For the sediment, significantly higher Shannon's H Alpha diversities could be observed in April (ANOVA, pairwise comparison, p < 0.05) and June (p < 0.05; Figure 3, Supplementary Table 3) in the heated bay. Overall, the proportion of abundant microorganisms was more stable with the changing season but showed differences between the bays. For example, the order Anaerolineales showed overall higher concentrations in the heated (mean ± s.d. 1.2 ± 0.4%) compared to the control bay (0.9 ± 0.5%), while their abundance peaks in September (1.7 ± 0.8%) and June (1 ± 0.5%). The main contributor of the peak in September was the genus UBA6092 (0.81 ± 0.42%), which did not occur in higher abundance in the control bay (0.4 ± 0.3%). A similar pattern was observed within Rhodobacterales that had an overall low abundance in both bays but was, on average, 37.5% higher in the heated bay (Figure 4). On the other hand, the control bay showed a higher significant differential abundance of Betaproteobacteriales over all seasons compared to the heated bay. The main contributor was the genus Thiobacillus, which was the dominant taxon in all sampling sites and seasons within the control bay (4.8 ± 2.6%). Within the control bay, the order Desulfobacteriales, which was, on average, 28.6% higher abundant compared to the heated bay with peaks in September (3.5 ± 1.3%) and June (3.2 ± 1.1%), as well as Flavobacteriales, with an average of 32.3% higher abundance, was found.

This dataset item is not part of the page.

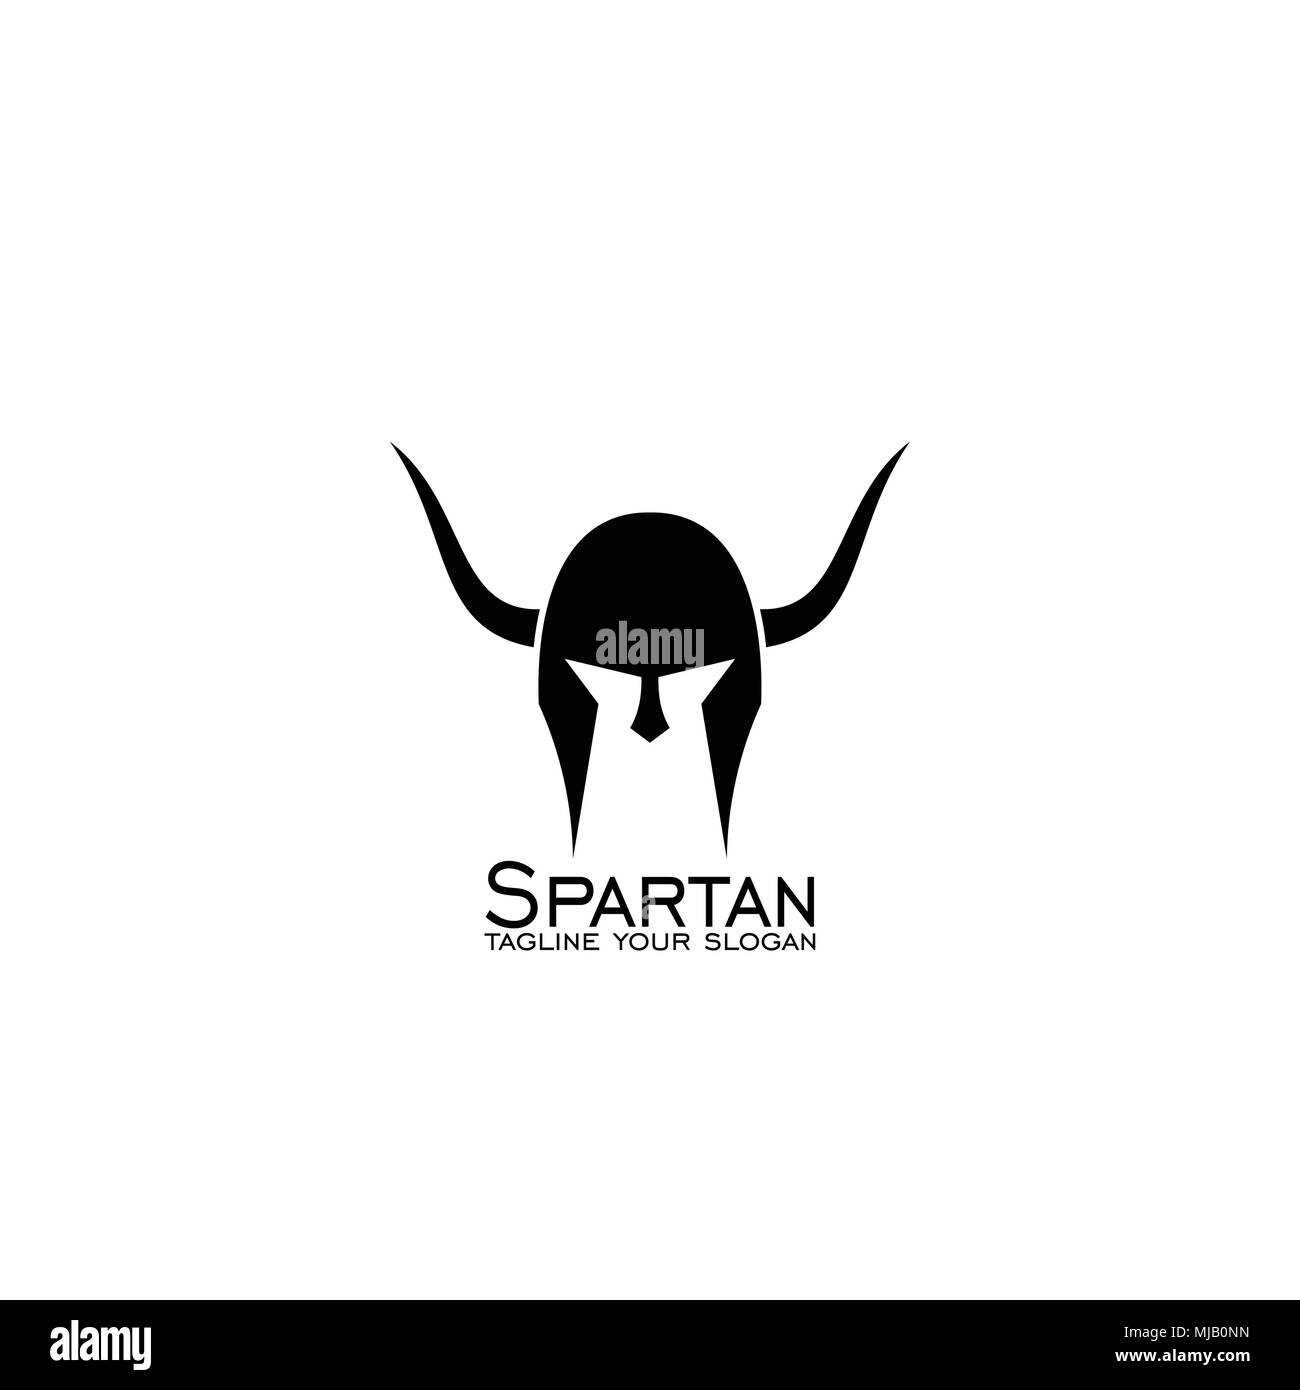 Sparta logo design, spartan helmet concept, vector icons. Stock Vector

In summary, cyanobacteria RCC307 and Cyanobium increased in relative abundance within the control bay bottom waters in the June and September samples, respectively. Within the heated bay, there was an increase of bottom water cyanobacteria-relative abundance in June due to the genus Cyanobium that decreased to a low-relative abundance in September. Furthermore, surface sediment microbial communities were more stable in composition over the year, showing overall higher relative abundances of Anaerolineales and Rhodobacteriales in the heated bay compared to higher relative abundances of Thiobacillus in the control bay.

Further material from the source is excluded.